→ Task description: Return the data that follows, keeping every word and mark unchanged.

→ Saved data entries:
>>>
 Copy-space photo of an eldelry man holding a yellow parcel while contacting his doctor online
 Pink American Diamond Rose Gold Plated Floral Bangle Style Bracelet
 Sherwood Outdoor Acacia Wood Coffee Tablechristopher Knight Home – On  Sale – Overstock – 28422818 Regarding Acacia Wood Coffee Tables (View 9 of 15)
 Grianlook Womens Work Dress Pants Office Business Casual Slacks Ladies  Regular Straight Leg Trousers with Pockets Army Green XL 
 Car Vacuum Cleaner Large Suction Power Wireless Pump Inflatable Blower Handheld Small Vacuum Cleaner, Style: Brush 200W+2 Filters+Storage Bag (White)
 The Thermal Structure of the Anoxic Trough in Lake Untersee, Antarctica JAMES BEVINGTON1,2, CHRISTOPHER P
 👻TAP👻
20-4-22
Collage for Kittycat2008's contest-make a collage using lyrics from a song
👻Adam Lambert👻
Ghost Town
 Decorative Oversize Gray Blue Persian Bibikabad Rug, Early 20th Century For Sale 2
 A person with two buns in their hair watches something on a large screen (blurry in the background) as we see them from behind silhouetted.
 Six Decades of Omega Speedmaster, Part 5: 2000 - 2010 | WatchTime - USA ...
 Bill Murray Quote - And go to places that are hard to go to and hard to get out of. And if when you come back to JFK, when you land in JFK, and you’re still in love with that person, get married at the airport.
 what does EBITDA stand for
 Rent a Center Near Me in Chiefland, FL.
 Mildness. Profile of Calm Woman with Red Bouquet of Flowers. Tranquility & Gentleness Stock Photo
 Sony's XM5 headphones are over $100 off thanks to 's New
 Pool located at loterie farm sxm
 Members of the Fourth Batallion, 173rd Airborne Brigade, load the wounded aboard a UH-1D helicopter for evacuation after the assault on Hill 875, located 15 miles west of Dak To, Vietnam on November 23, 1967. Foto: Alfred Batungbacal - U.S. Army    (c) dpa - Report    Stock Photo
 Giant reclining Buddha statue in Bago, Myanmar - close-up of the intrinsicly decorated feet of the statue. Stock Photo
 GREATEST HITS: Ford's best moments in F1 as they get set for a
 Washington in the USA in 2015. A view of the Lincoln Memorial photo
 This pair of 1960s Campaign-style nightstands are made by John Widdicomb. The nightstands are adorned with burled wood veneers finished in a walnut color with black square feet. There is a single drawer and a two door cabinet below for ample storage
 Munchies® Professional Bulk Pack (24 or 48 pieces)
<<<
→ Final answer:
 Copy-space photo of an eldelry man holding a yellow parcel while contacting his doctor online
 Pink American Diamond Rose Gold Plated Floral Bangle Style Bracelet
 Sherwood Outdoor Acacia Wood Coffee Tablechristopher Knight Home – On  Sale – Overstock – 28422818 Regarding Acacia Wood Coffee Tables (View 9 of 15)
 Grianlook Womens Work Dress Pants Office Business Casual Slacks Ladies  Regular Straight Leg Trousers with Pockets Army Green XL 
 Car Vacuum Cleaner Large Suction Power Wireless Pump Inflatable Blower Handheld Small Vacuum Cleaner, Style: Brush 200W+2 Filters+Storage Bag (White)
 The Thermal Structure of the Anoxic Trough in Lake Untersee, Antarctica JAMES BEVINGTON1,2, CHRISTOPHER P
 👻TAP👻
20-4-22
Collage for Kittycat2008's contest-make a collage using lyrics from a song
👻Adam Lambert👻
Ghost Town
 Decorative Oversize Gray Blue Persian Bibikabad Rug, Early 20th Century For Sale 2
 A person with two buns in their hair watches something on a large screen (blurry in the background) as we see them from behind silhouetted.
 Six Decades of Omega Speedmaster, Part 5: 2000 - 2010 | WatchTime - USA ...
 Bill Murray Quote - And go to places that are hard to go to and hard to get out of. And if when you come back to JFK, when you land in JFK, and you’re still in love with that person, get married at the airport.
 what does EBITDA stand for
 Rent a Center Near Me in Chiefland, FL.
 Mildness. Profile of Calm Woman with Red Bouquet of Flowers. Tranquility & Gentleness Stock Photo
 Sony's XM5 headphones are over $100 off thanks to 's New
 Pool located at loterie farm sxm
 Members of the Fourth Batallion, 173rd Airborne Brigade, load the wounded aboard a UH-1D helicopter for evacuation after the assault on Hill 875, located 15 miles west of Dak To, Vietnam on November 23, 1967. Foto: Alfred Batungbacal - U.S. Army    (c) dpa - Report    Stock Photo
 Giant reclining Buddha statue in Bago, Myanmar - close-up of the intrinsicly decorated feet of the statue. Stock Photo
 GREATEST HITS: Ford's best moments in F1 as they get set for a
 Washington in the USA in 2015. A view of the Lincoln Memorial photo
 This pair of 1960s Campaign-style nightstands are made by John Widdicomb. The nightstands are adorned with burled wood veneers finished in a walnut color with black square feet. There is a single drawer and a two door cabinet below for ample storage
 Munchies® Professional Bulk Pack (24 or 48 pieces)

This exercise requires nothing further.